Repeat the entire listing exactly. Omit all pictures.

* **Recorded data**
━━━━━━━━━━

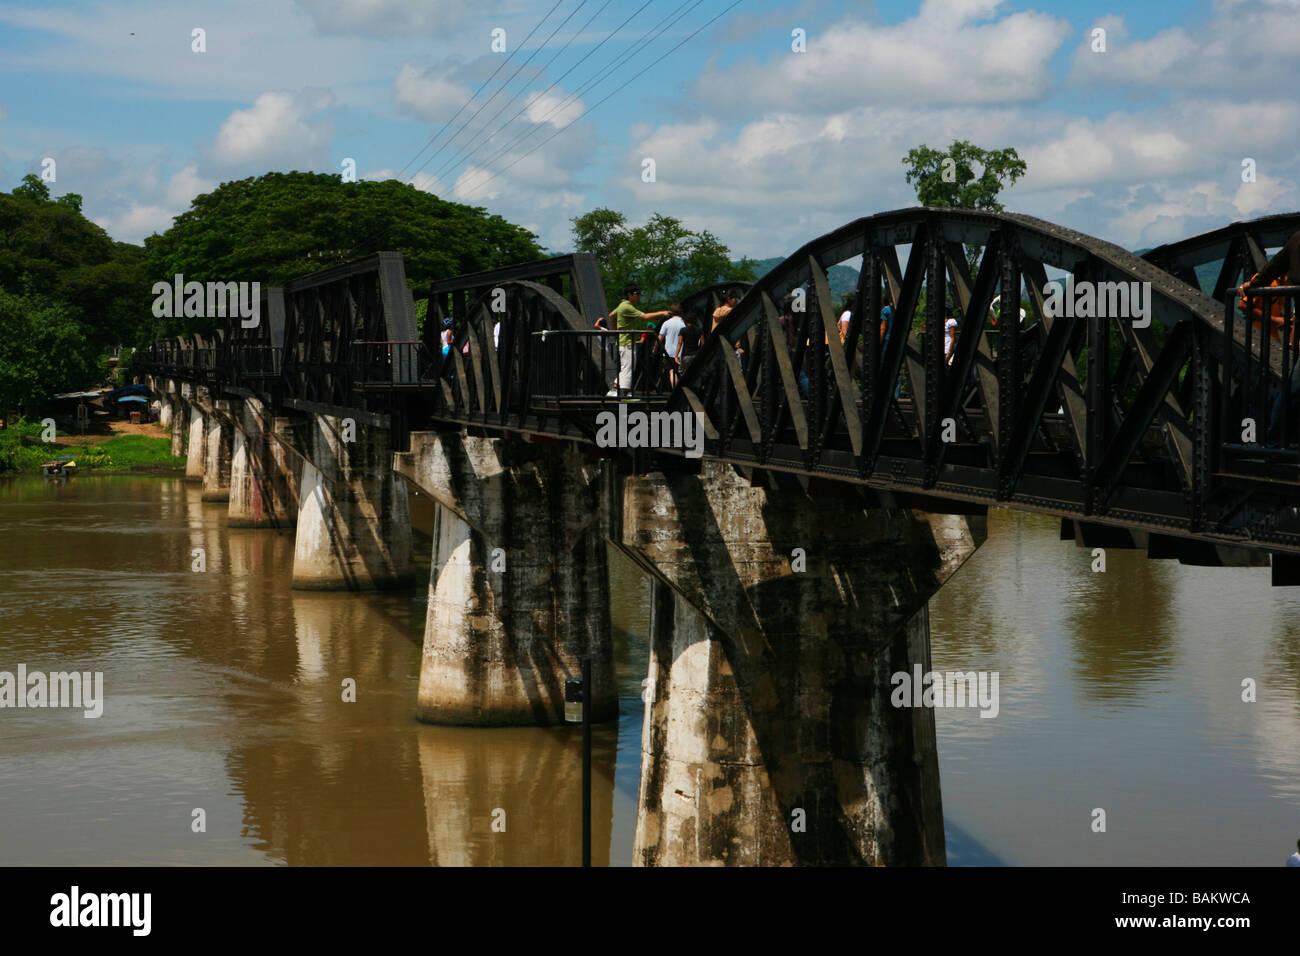 Bridge over the River Kwai, Kanchanaburi, Bangkok, Thailand Stock Photo, Roya...
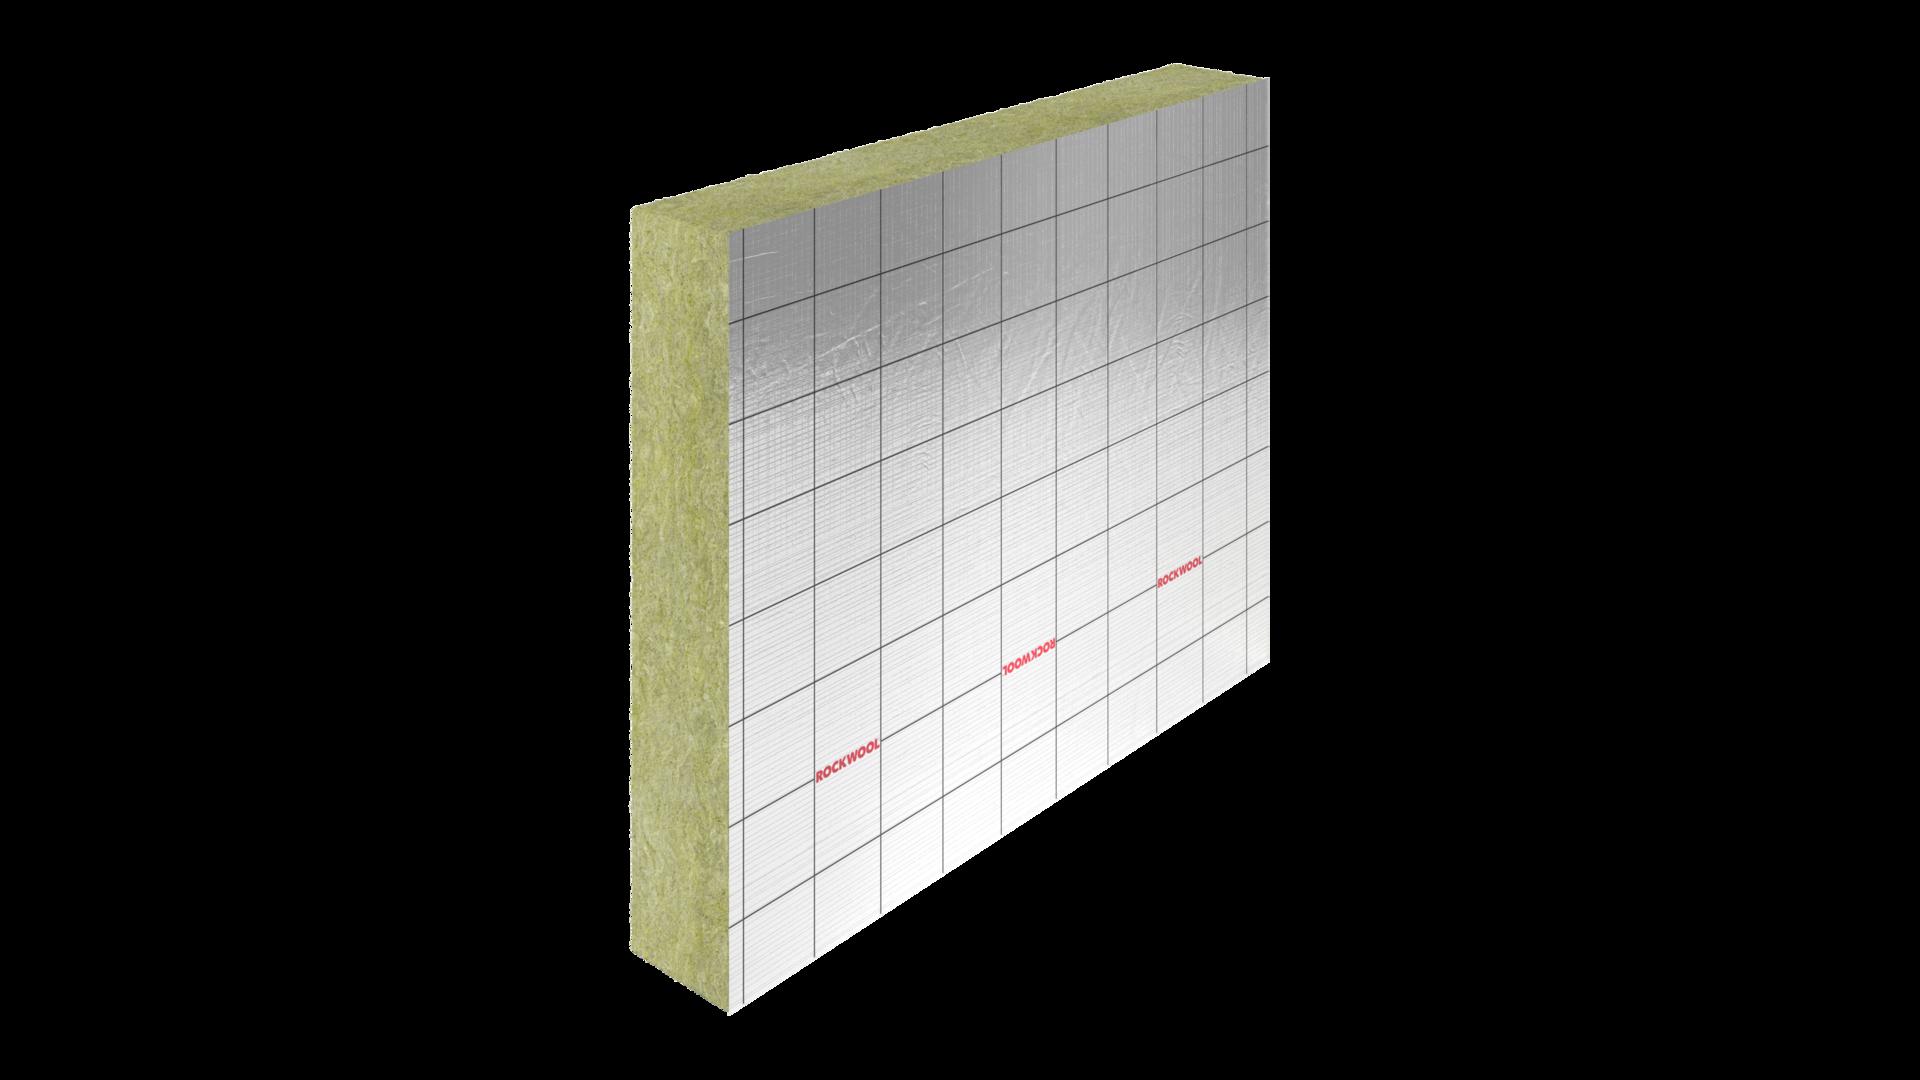 RockFit Mono Silver, productfoto, gevel, spouwmuurisolatie
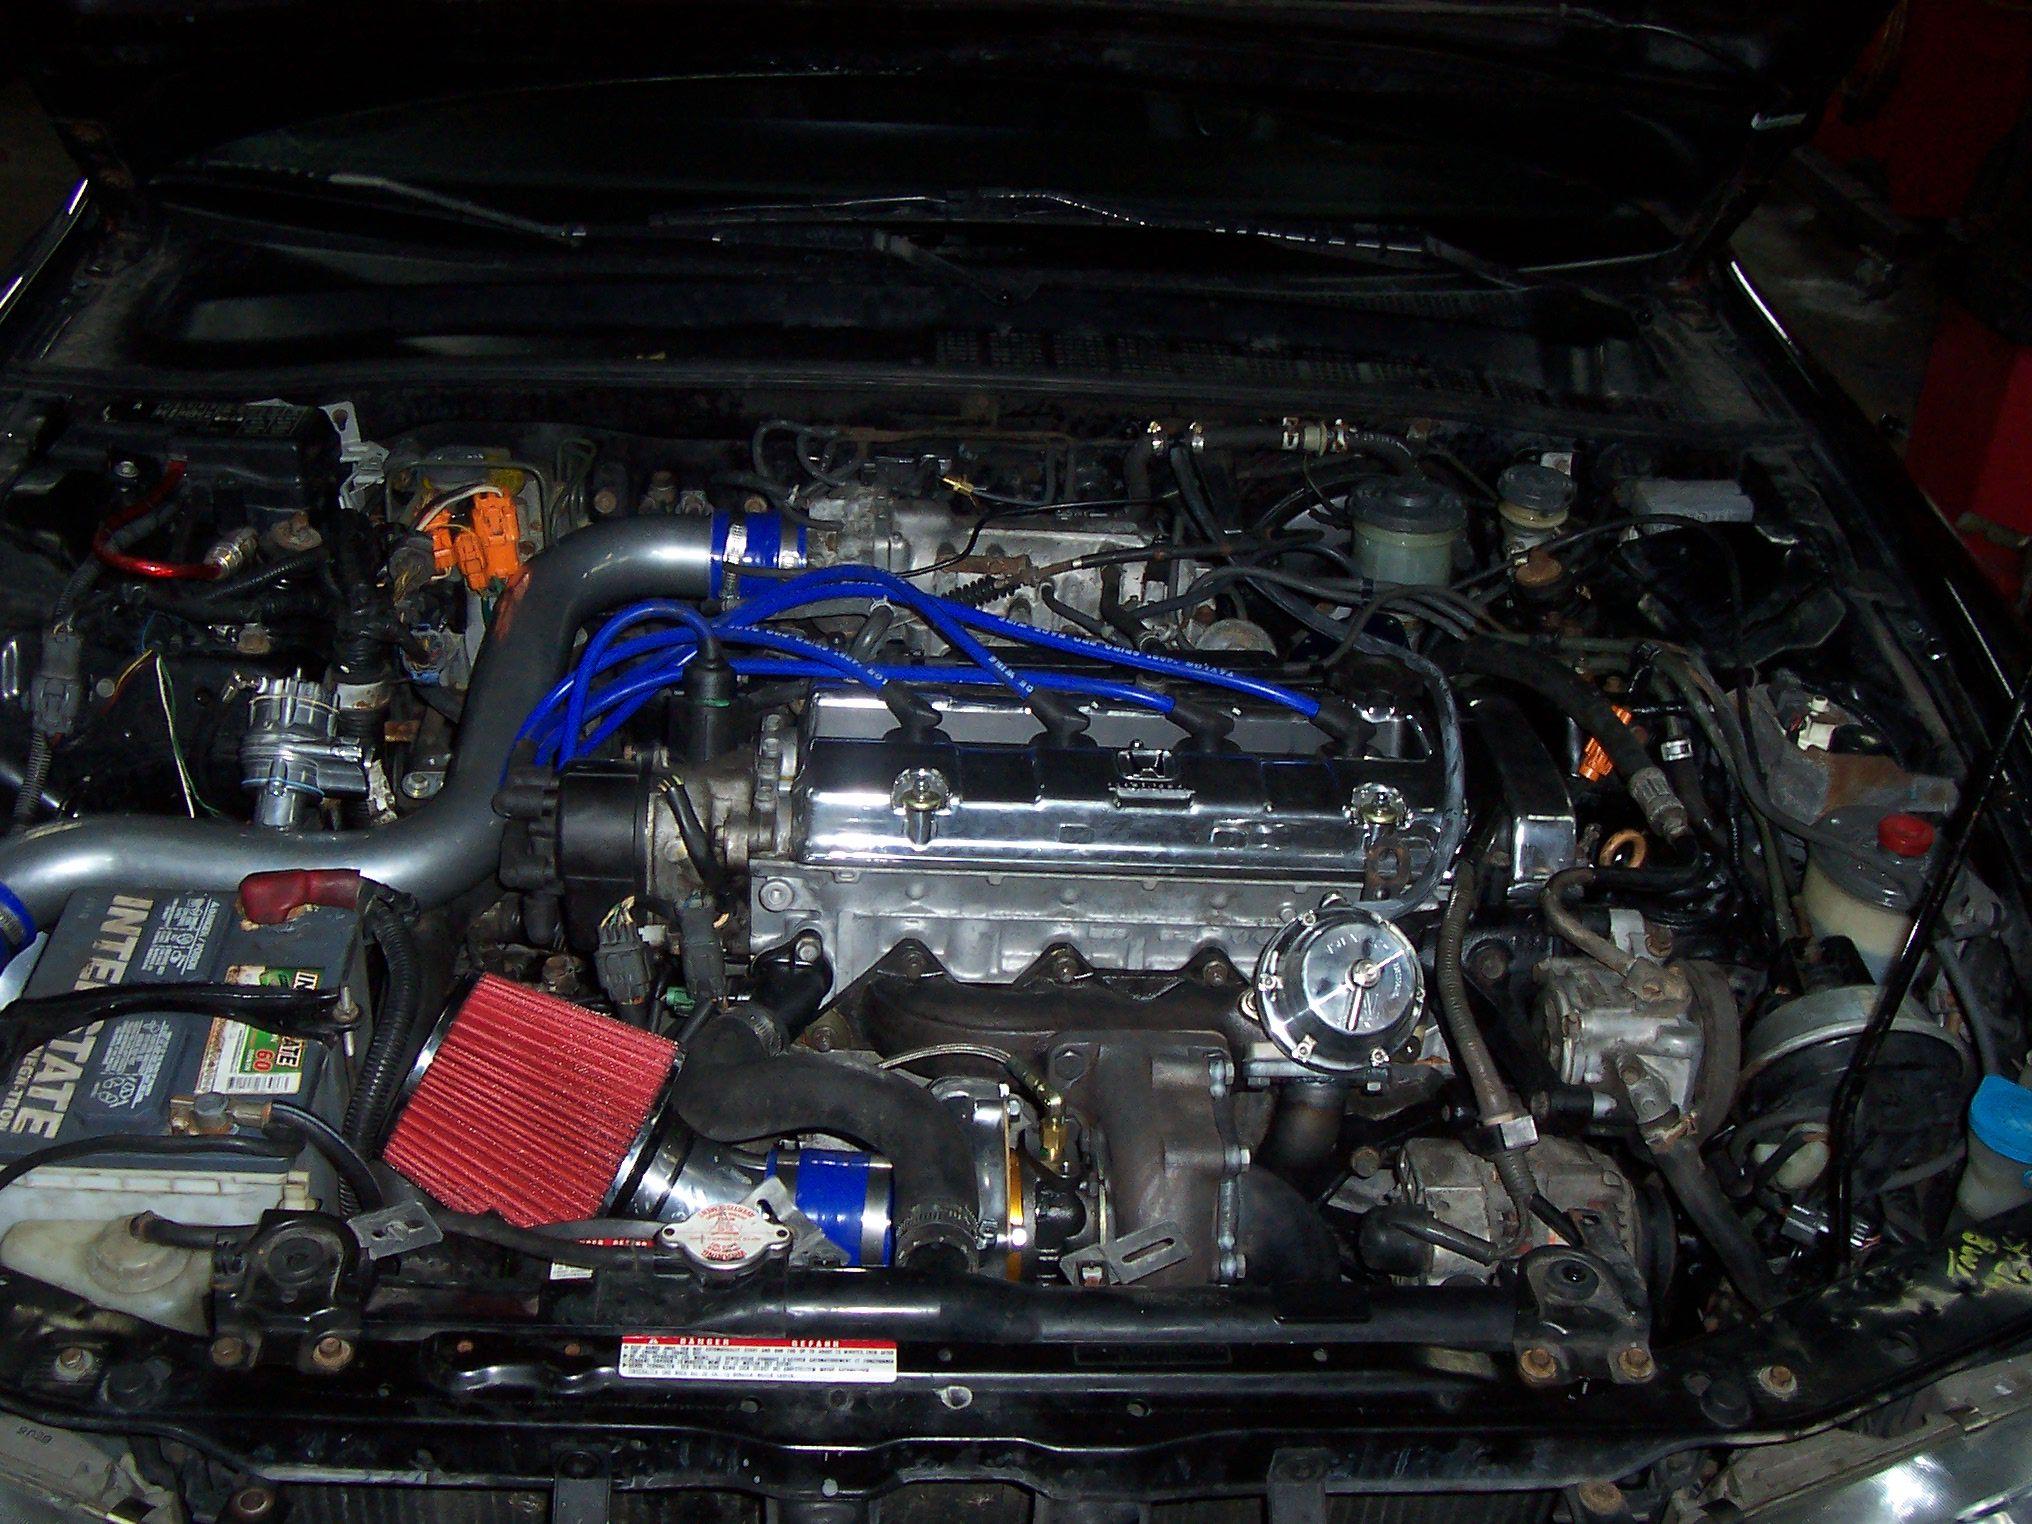 1992 Honda Prelude Si Turbo Hondaswap Vtec 100 0755

━━━━━━━━━━

* **Solution to the problem**
 Bridge over the River Kwai, Kanchanaburi, Bangkok, Thailand Stock Photo, Roya...
 RockFit Mono Silver, productfoto, gevel, spouwmuurisolatie
 1992 Honda Prelude Si Turbo Hondaswap Vtec 100 0755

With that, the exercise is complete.